AAM 25D

Generative Face Alignment Through 2.5D Active Appearance Models

Videos

Pedro Martins, Rui Caseiro, Jorge Batista
Institute of Systems and Robotics (ISR)
University of Coimbra, Portugal



Efficient Simultaneous Forwards Additive (ESFA) fitting algorithm


Video 1: 2.5D AAM fitting using the Efficient Simultaneous Forwards Additive (ESFA) algorithm. Each image show the input frame overlaid with the projected mesh and tree different views of the current 3D mesh s.


Efficient Robust Normalization Forwards Additive (ERNFA) fitting algorithm


Video 2: Robust 2.5D AAM fitting using the Efficient Robust Normalization Forwards Additive (ERNFA) algorithm. The weight mask is shown on the right. The scale parameters were estimated assuming that there always exists 10% of outliers.
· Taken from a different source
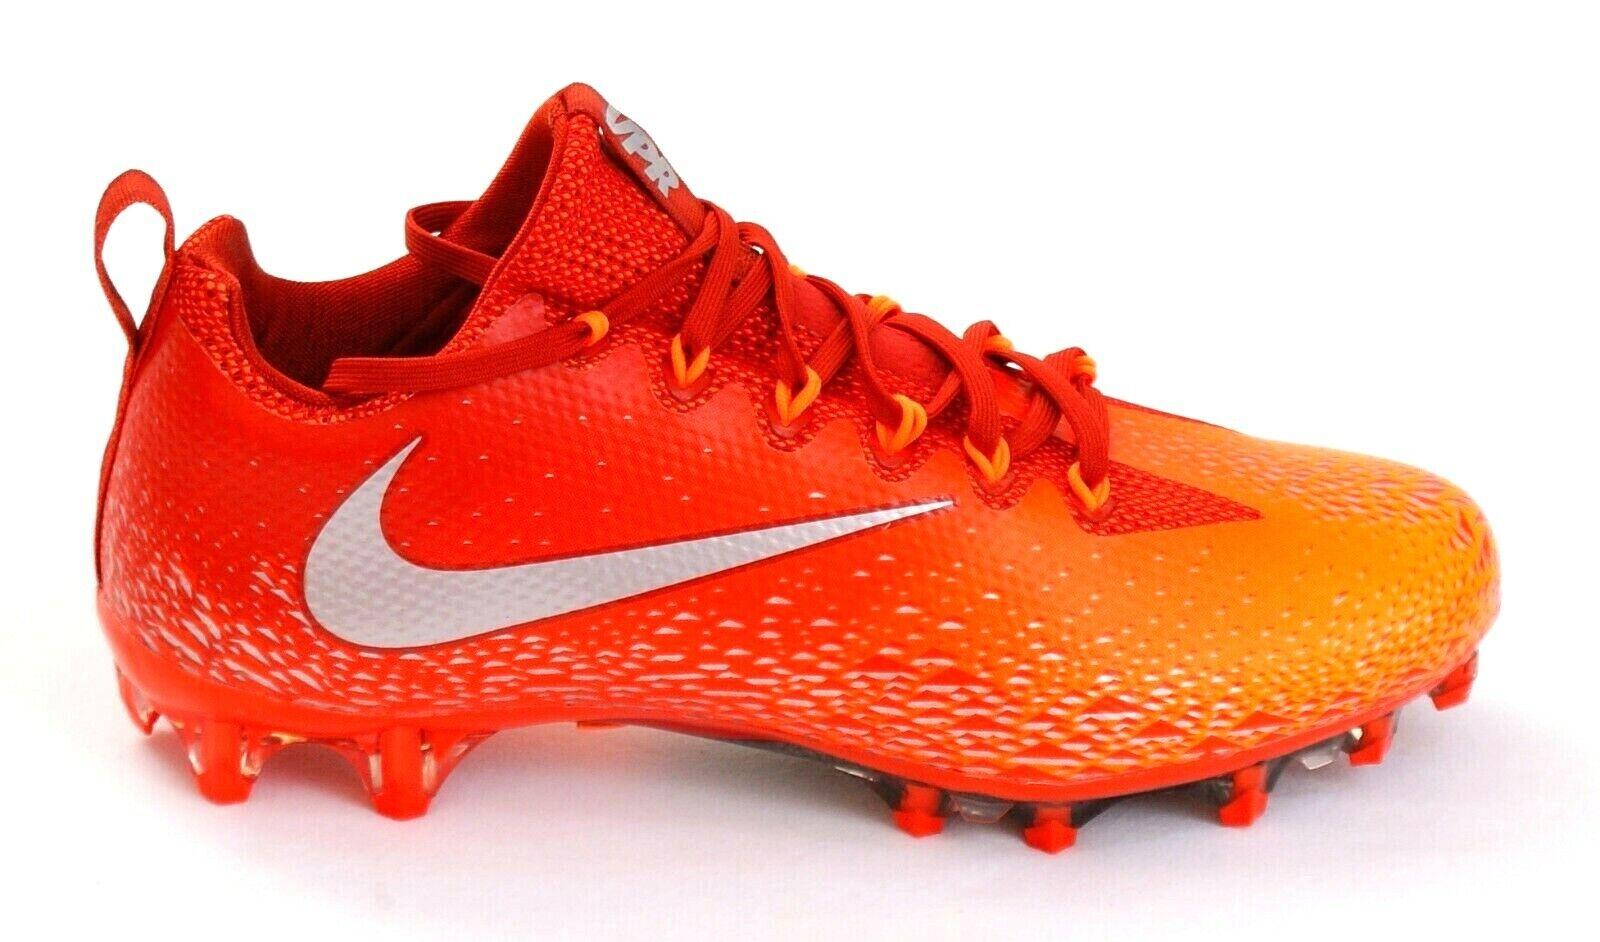 Nike Vapor Untouchable Pro orange Football Cleats Men's NIB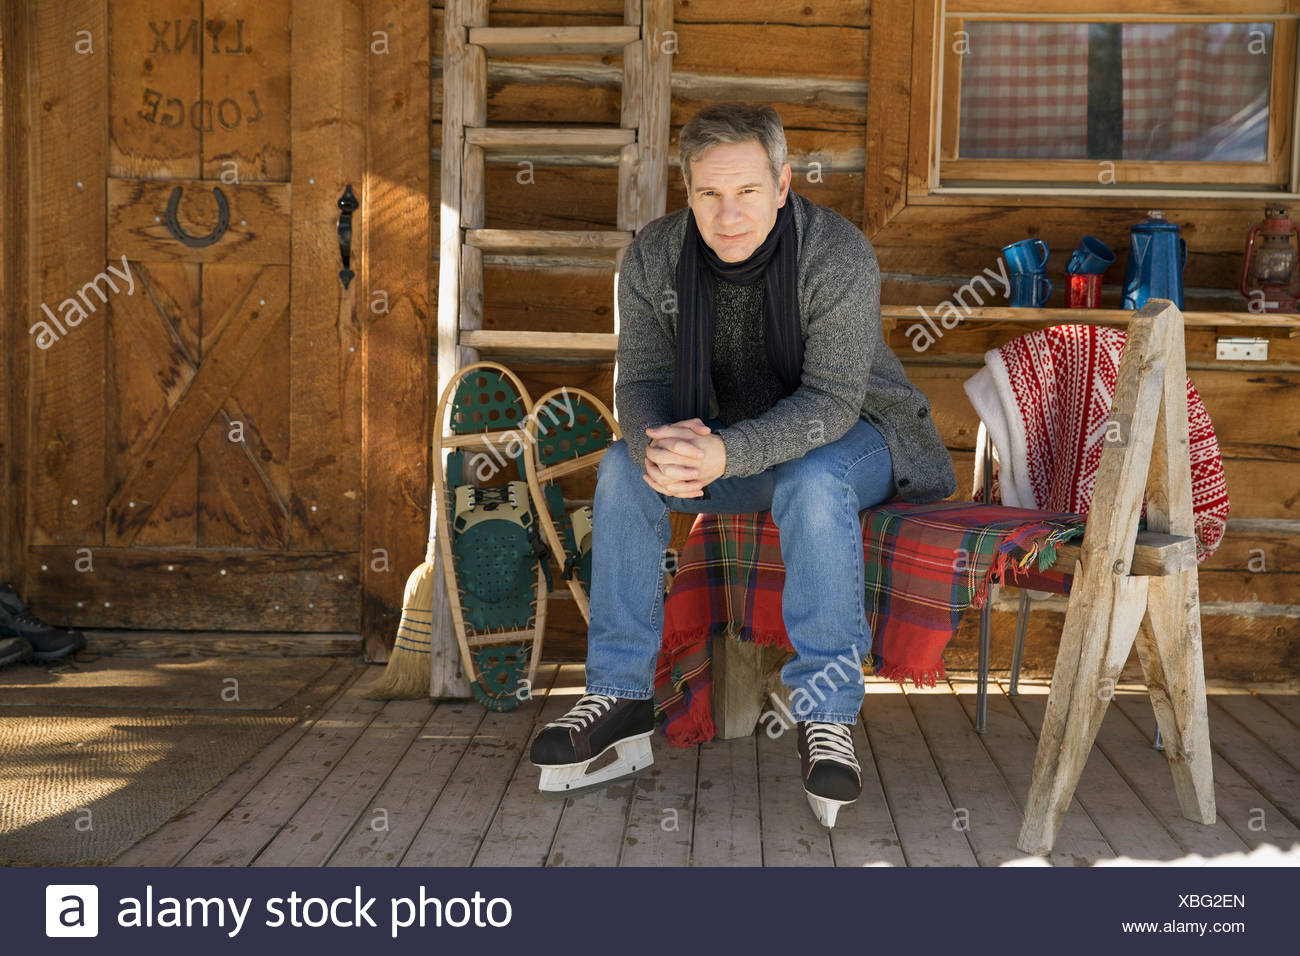 Man sitting outside of cabin wearing ice skates - Stock Image

Efficient Robust Simultaneous Forwards Additive (ERSFA) fitting algorithm


Video 3: Robust 2.5D AAM fitting using the Efficient Robust Simultaneous Forwards Additive (ERSFA) algorithm. The weight mask is shown on the bottom-right. The scale parameters were estimated from the fitting error MAD on the images of the training set. The black triangles of the face mesh are in occlusion.


Fitting on the 3D Dynamic Facial Expression Database (BU-4DFE) using ESFA fitting algorithm


Video 4: Some examples of BU-4DFE dataset used for the evaluation of the 3D recovered shape when using the 2.5D AAM. The BU-4DFE dataset includes high resolution 3D dense reconstructions of video sequences of several individuals showing the six prototypic facial expressions namely, anger, disgust, happiness, fear, sadness, and surprise. The 3D facial expressions were captured at 25 frames per second where each expression sequence contains about 100 frames (resolution of 1040x1392 per frame).


The Talking Face Sequence using the ERSFA fitting algorithm


Video 5: Qualitative 3D shape recovery on the Talking Face video sequence using the Efficient Robust Simultaneous Forwards Additive (ERSFA) algorithm.